# Lezyne Pressure Drive CFH Pump



## 007 (Jun 16, 2005)

Anyone use one of these things?

Lezyne Pressure Drive CFH Pump

Any good? My REI dividend came today and a new pump is on my short list of essentials.


----------



## 4slomo (Jul 4, 2006)

The pressure drive pump is designed for road tires at 120 psi max: High pressure & low volume.

For MTB, you want to be looking at the high volume & low pressure series: http://www.lezyne.com/products/hand-pumps/mini-pumps-high-volume
I carry an alloy drive and love it.


----------



## 007 (Jun 16, 2005)

Thanks . . . what about the CO2 Alloy Drive?


----------



## jtmartino (Jul 31, 2008)

The CO2 alloy drive is very nice looking, but I didn't like it as much as my Genuine Innovations Air Chuck SL:

http://www.amazon.com/Innovations-Air-Chuck-Sl-16g/dp/B00278XTJ2/ref=pd_sbs_sg_3

For racing applications, the air chuck that you can just press against your presta valve works the best. If you don't race, I'd go with something like the Alloy Drive CO2 seems to work well.
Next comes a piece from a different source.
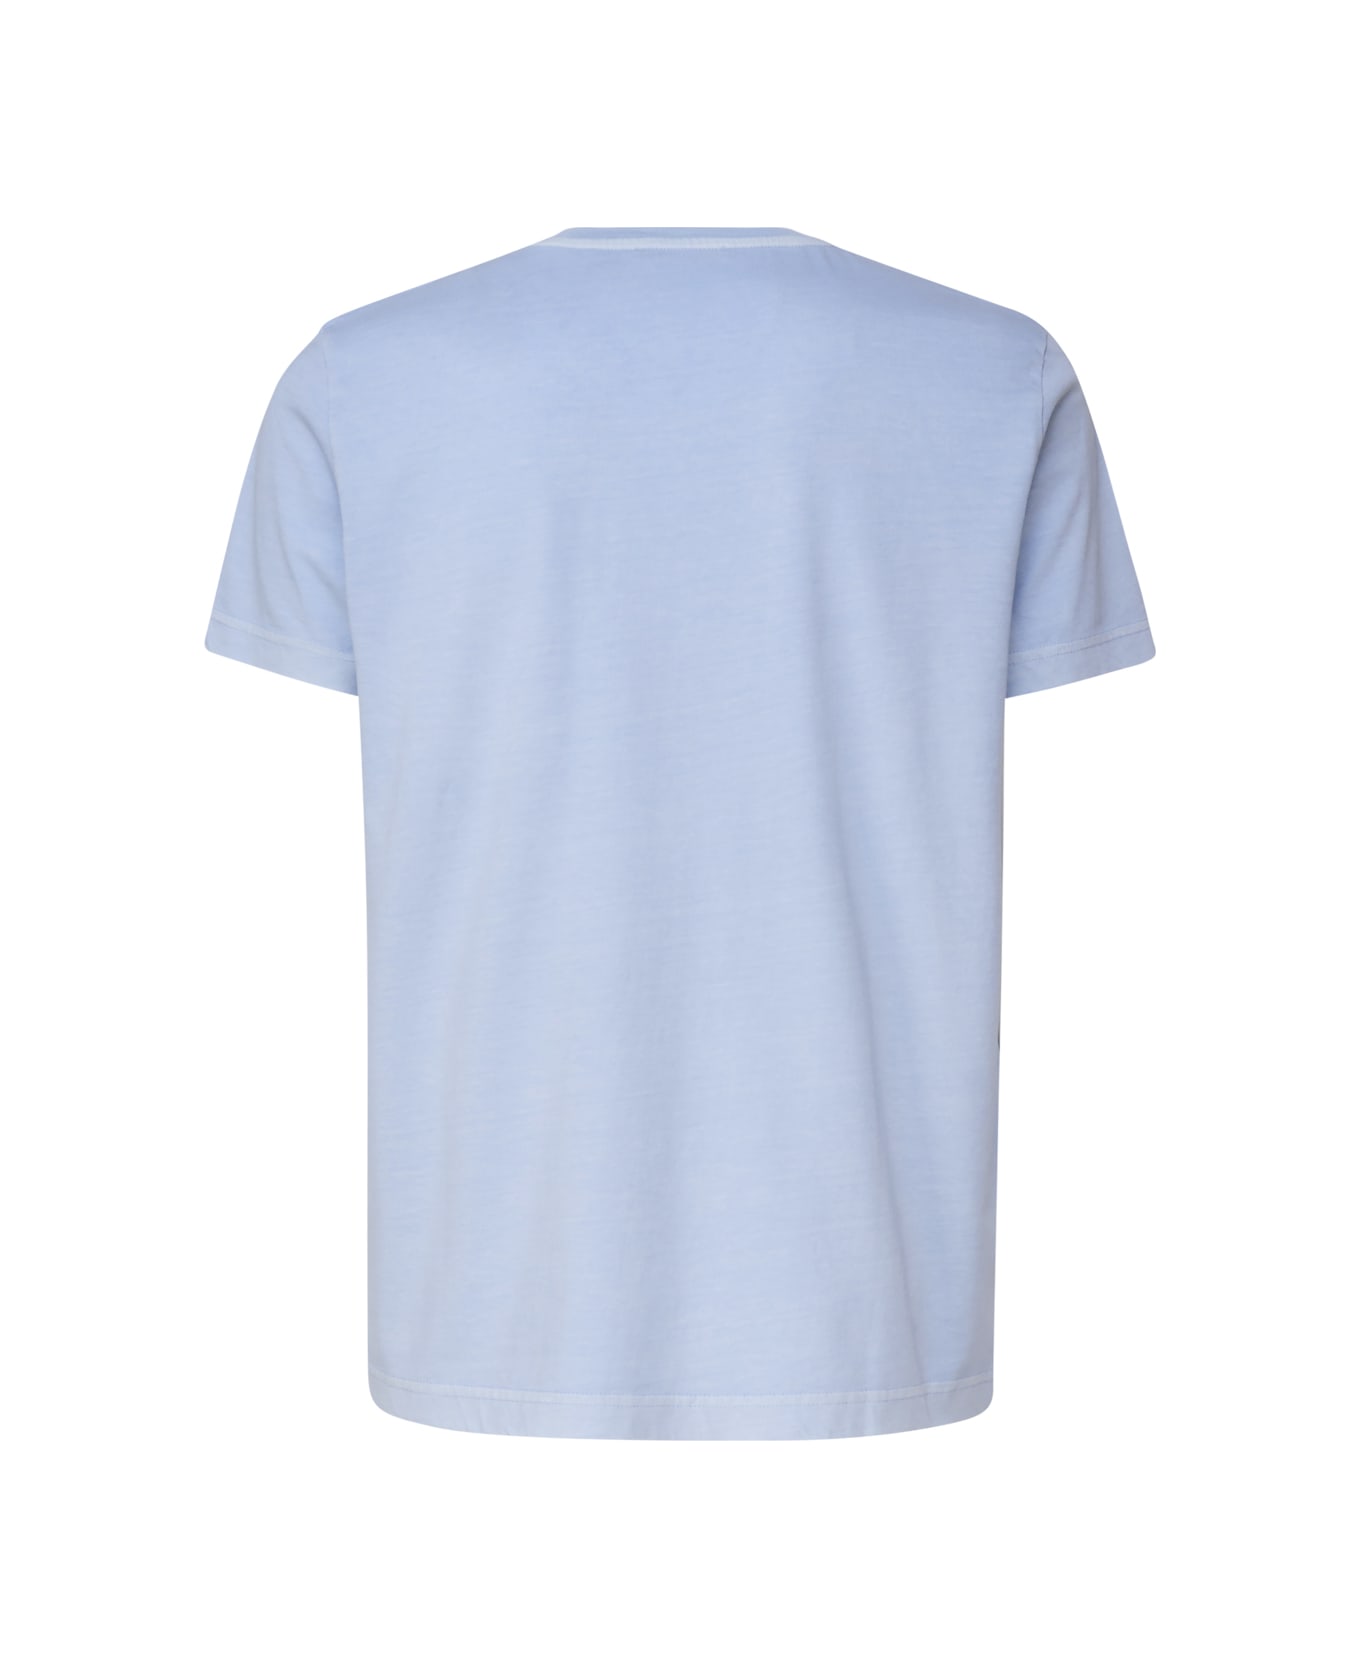 Fay T-shirt With Pocket - Light blue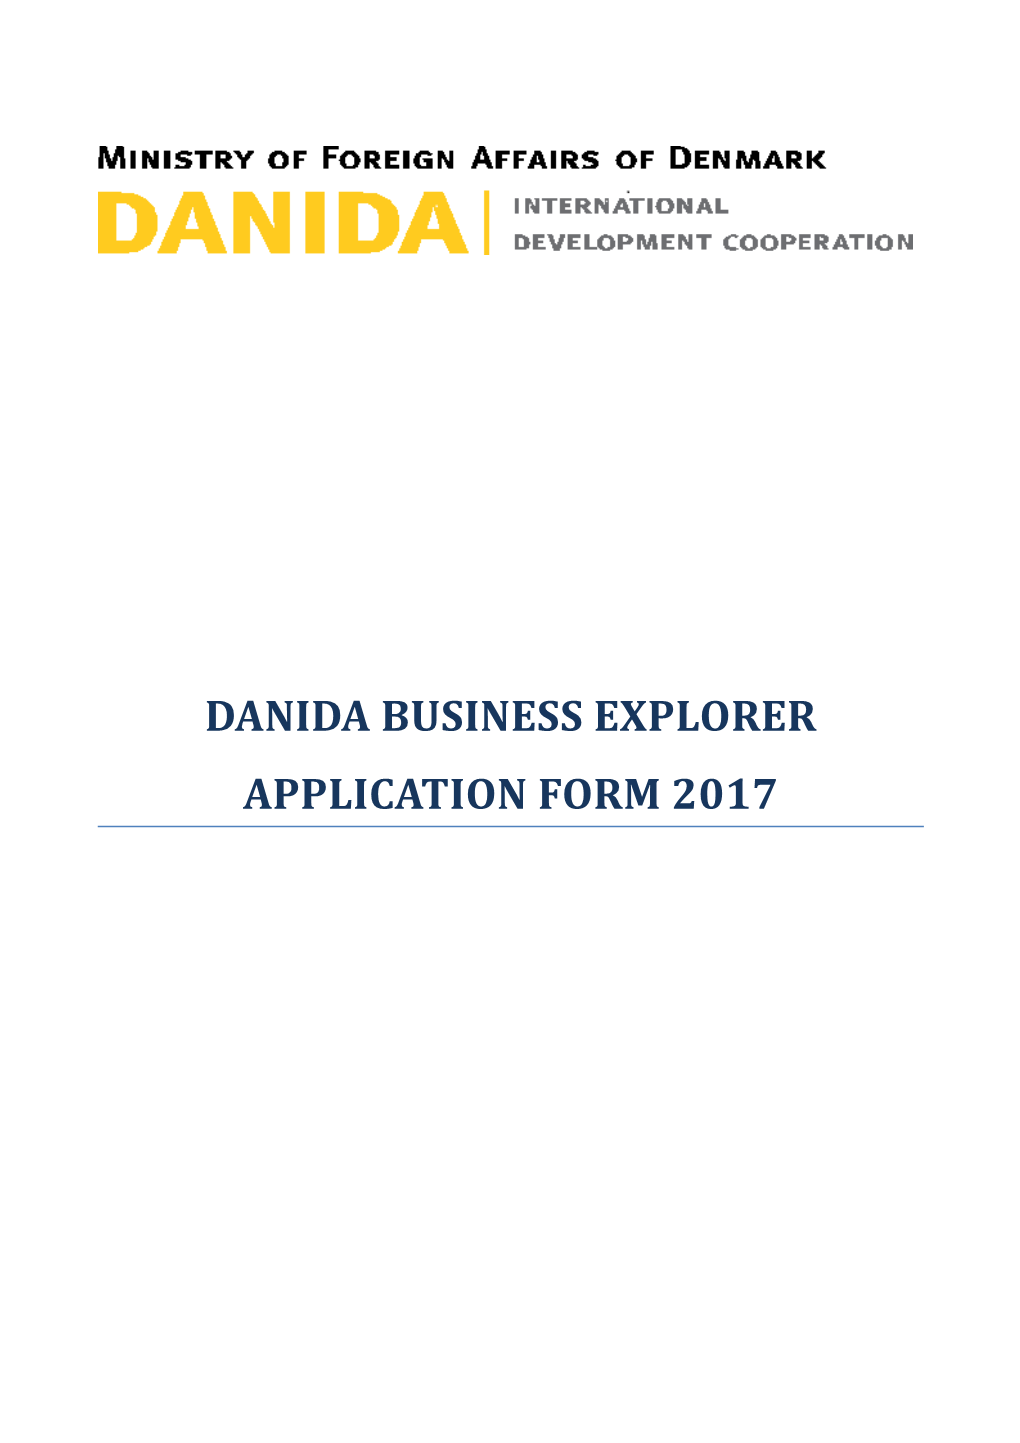 Danida Business Explorer

Here's a cool vid showing how to use it, although not in English:


----------



## 007 (Jun 16, 2005)

Yah, I don't race so no need for something ultra fast, but the speed of CO2 is appealing.

This is what I'm looking for:


----------



## mtnbikerfred (Mar 25, 2004)

I have a friend who (is a total gear whore) who carries a Micro Floor Drive










It's pretty nice


----------



## Maadjurguer (Mar 22, 2008)

Lezyne is solid all around....I love my Pressure Drive.


----------



## ccornacc (Mar 26, 2007)

So the pressure drive would be a good solution if you wanted to use it for both road and mtb? I read somewhere that the alloy drive would not fully inflate a road tire.


----------



## jtmartino (Jul 31, 2008)

The Pressure drive pumps low volume, so it will take a long time to fill a MTB tire.


----------